* [WHAT THIS TASK INVOLVES] Go through the data below and copy it exactly, skipping every picture.

* [DATA BELOW]
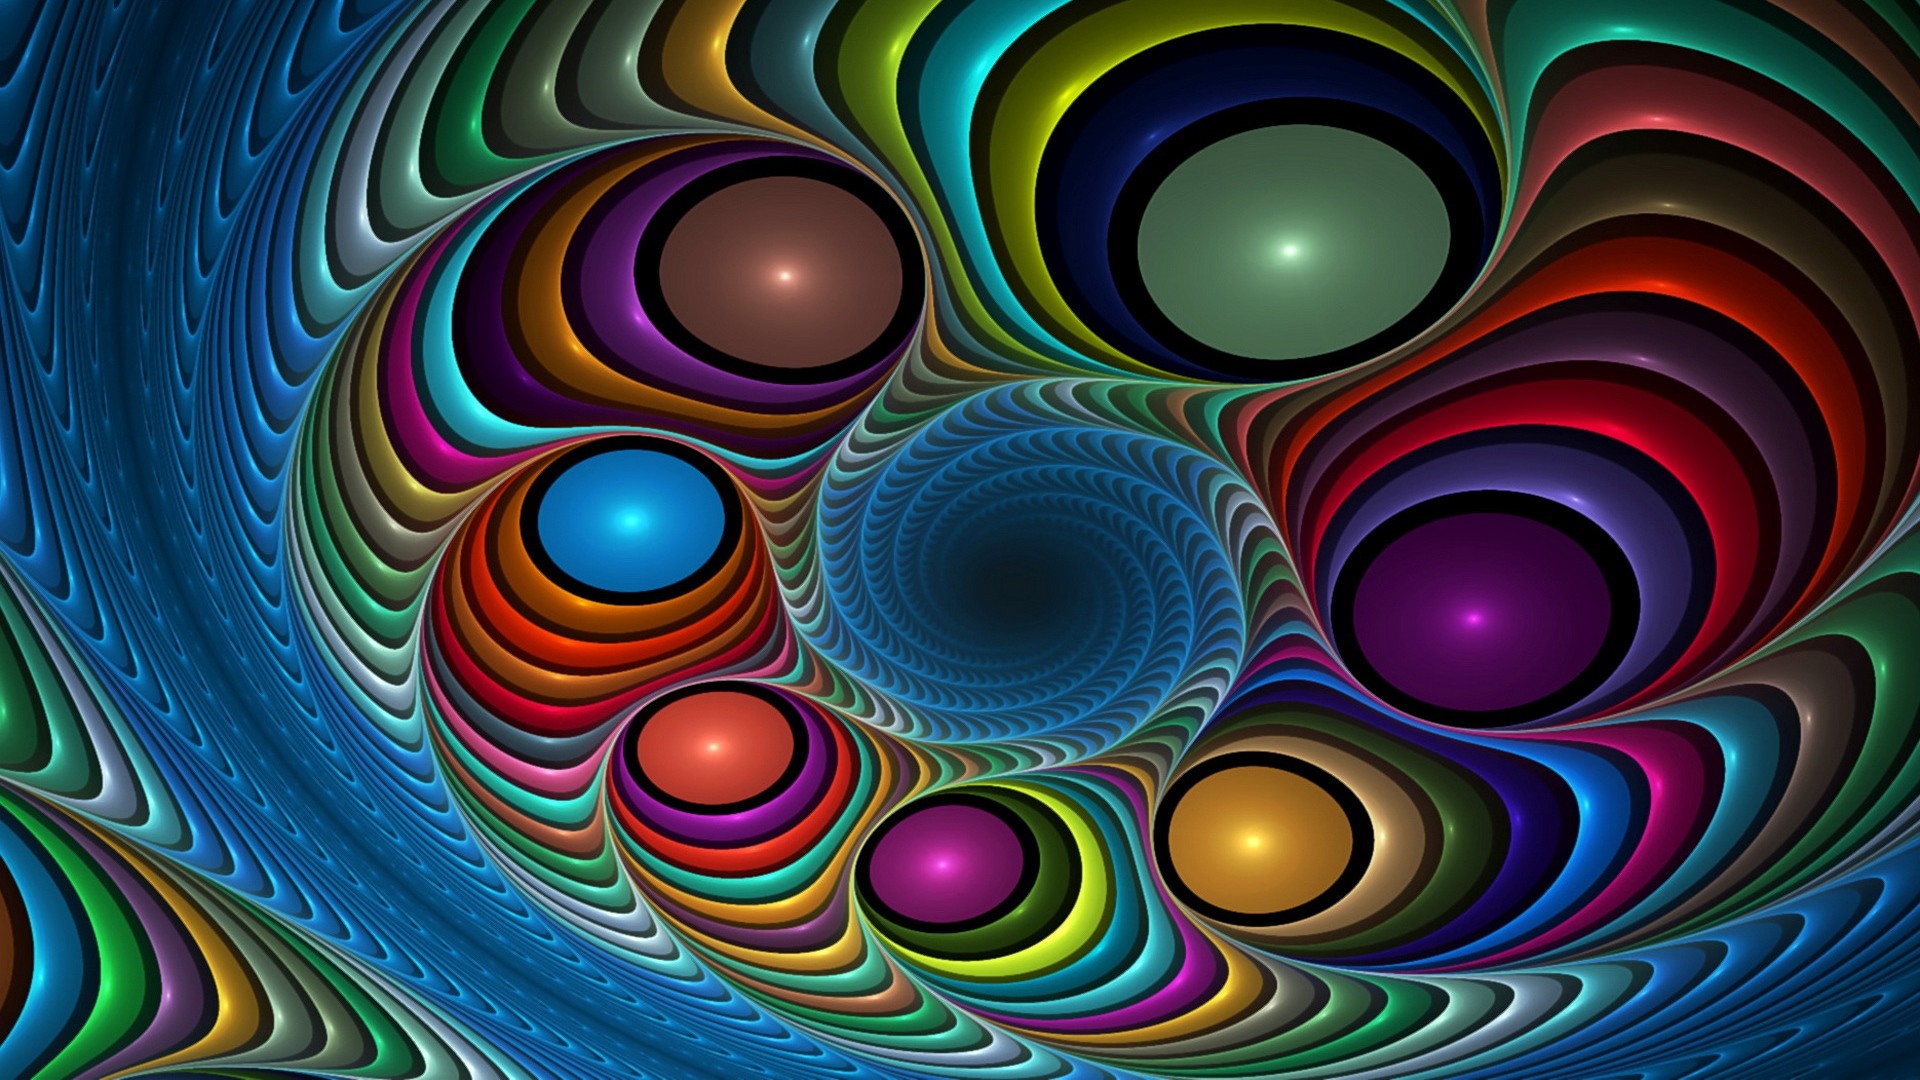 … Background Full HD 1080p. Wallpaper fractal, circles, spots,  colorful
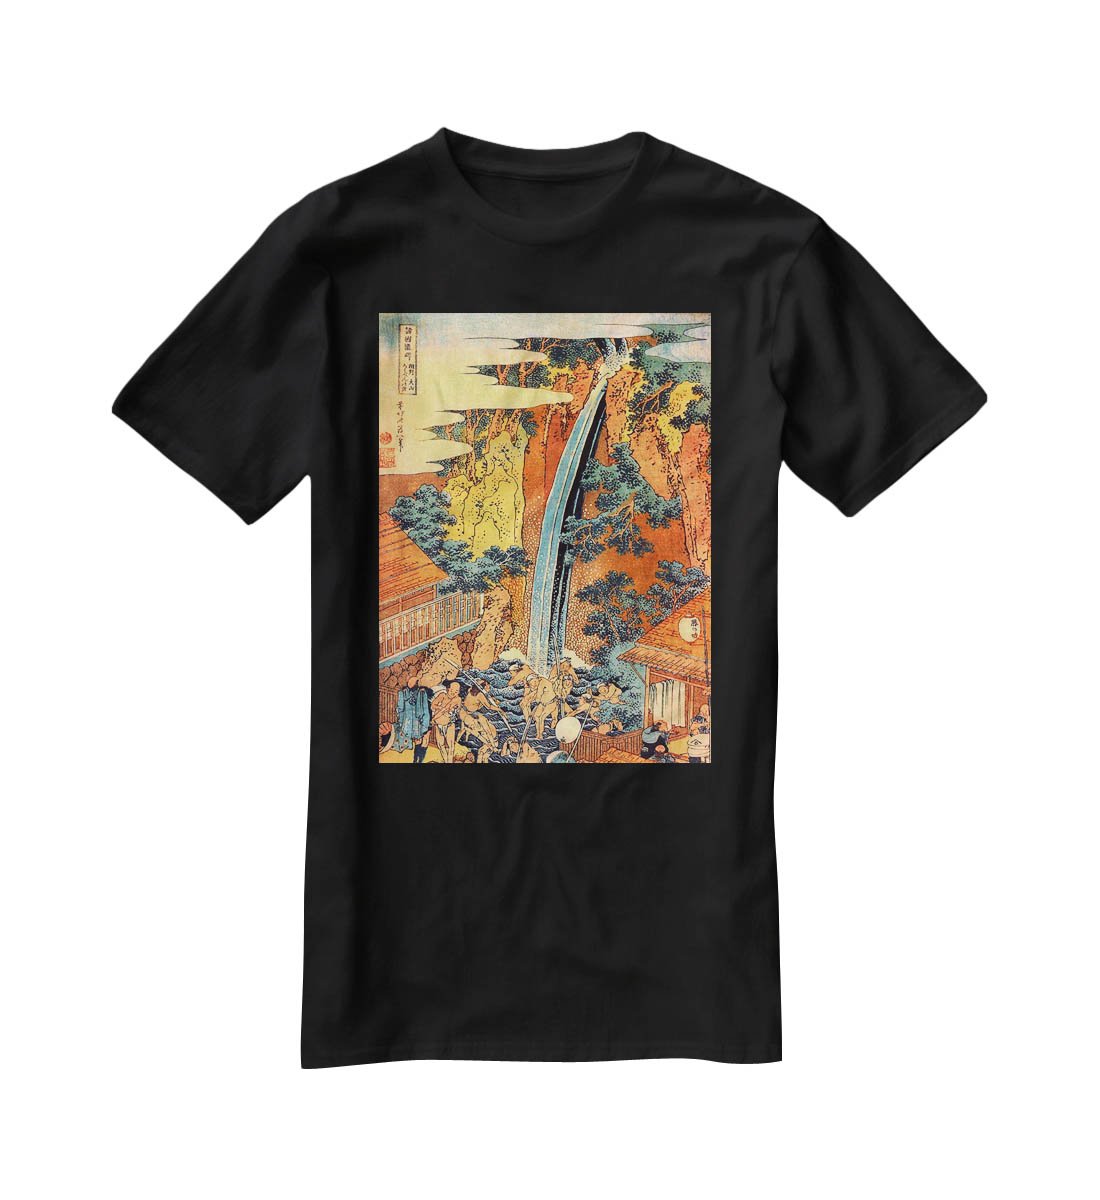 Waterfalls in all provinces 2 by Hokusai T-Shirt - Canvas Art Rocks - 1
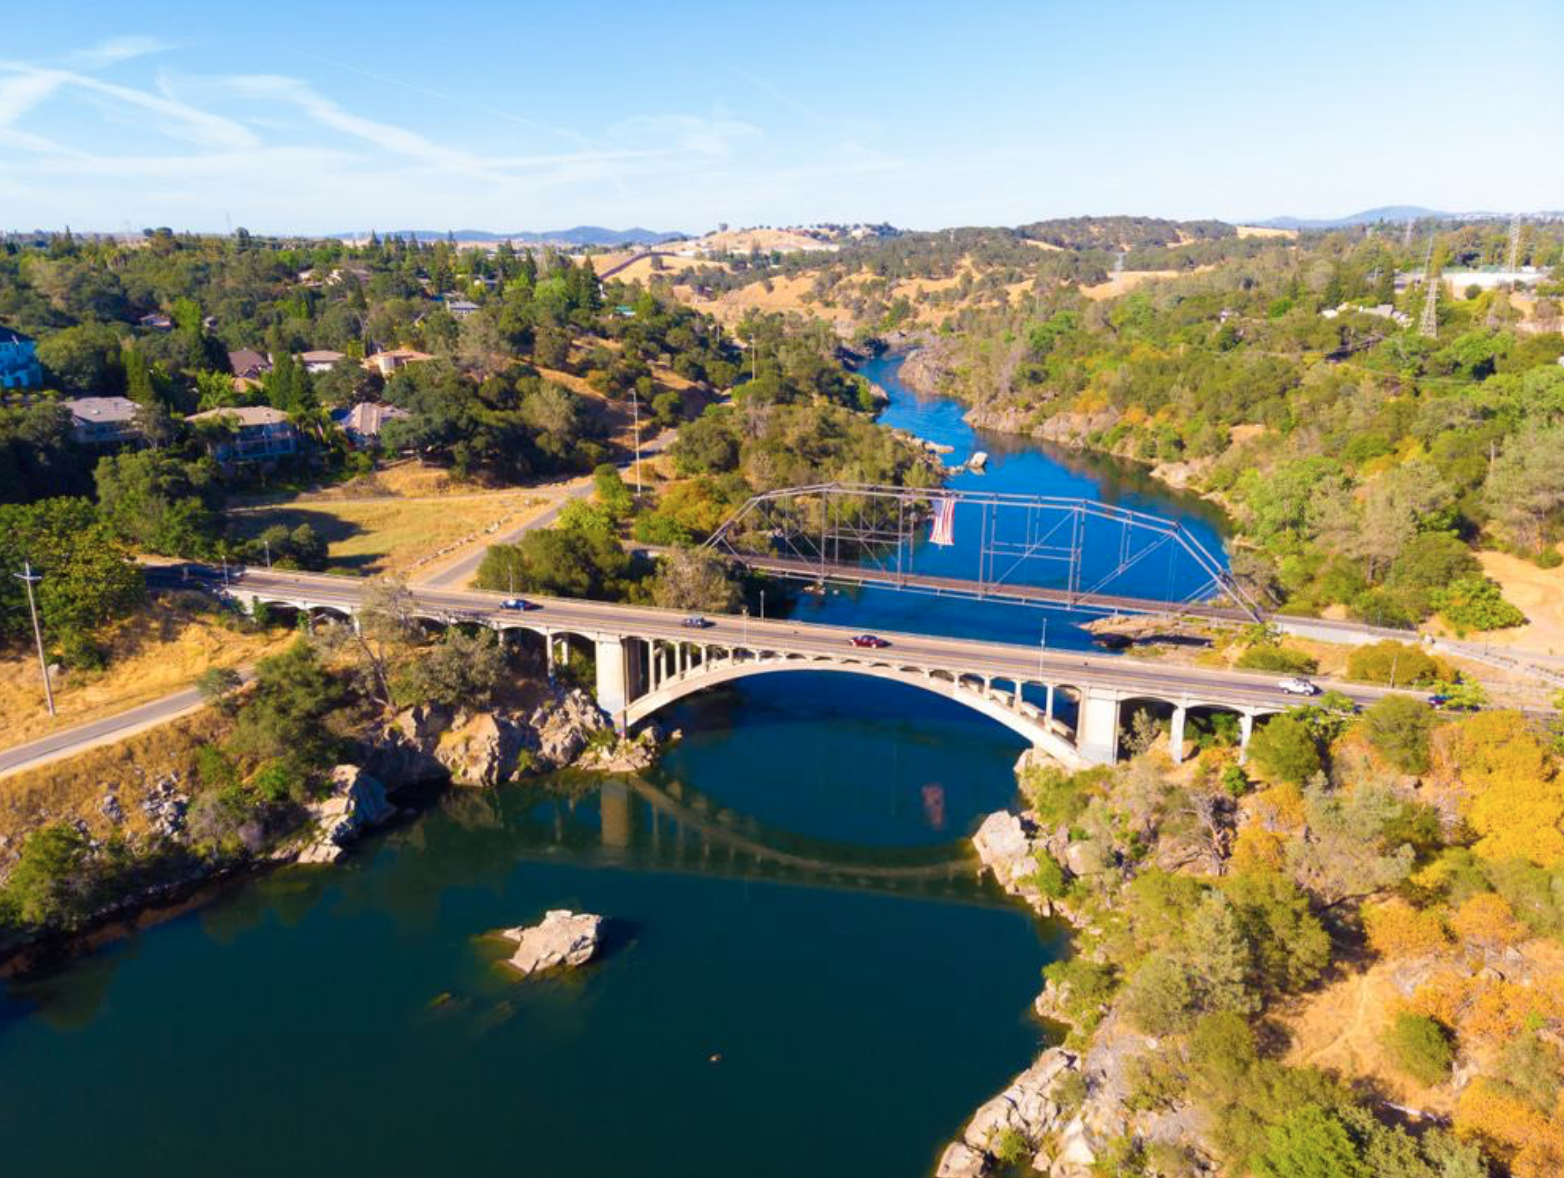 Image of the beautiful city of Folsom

* [ANSWER TO THIS PROBLEM]
 … Background Full HD 1080p. Wallpaper fractal, circles, spots,  colorful
 Waterfalls in all provinces 2 by Hokusai T-Shirt - Canvas Art Rocks - 1
 Image of the beautiful city of Folsom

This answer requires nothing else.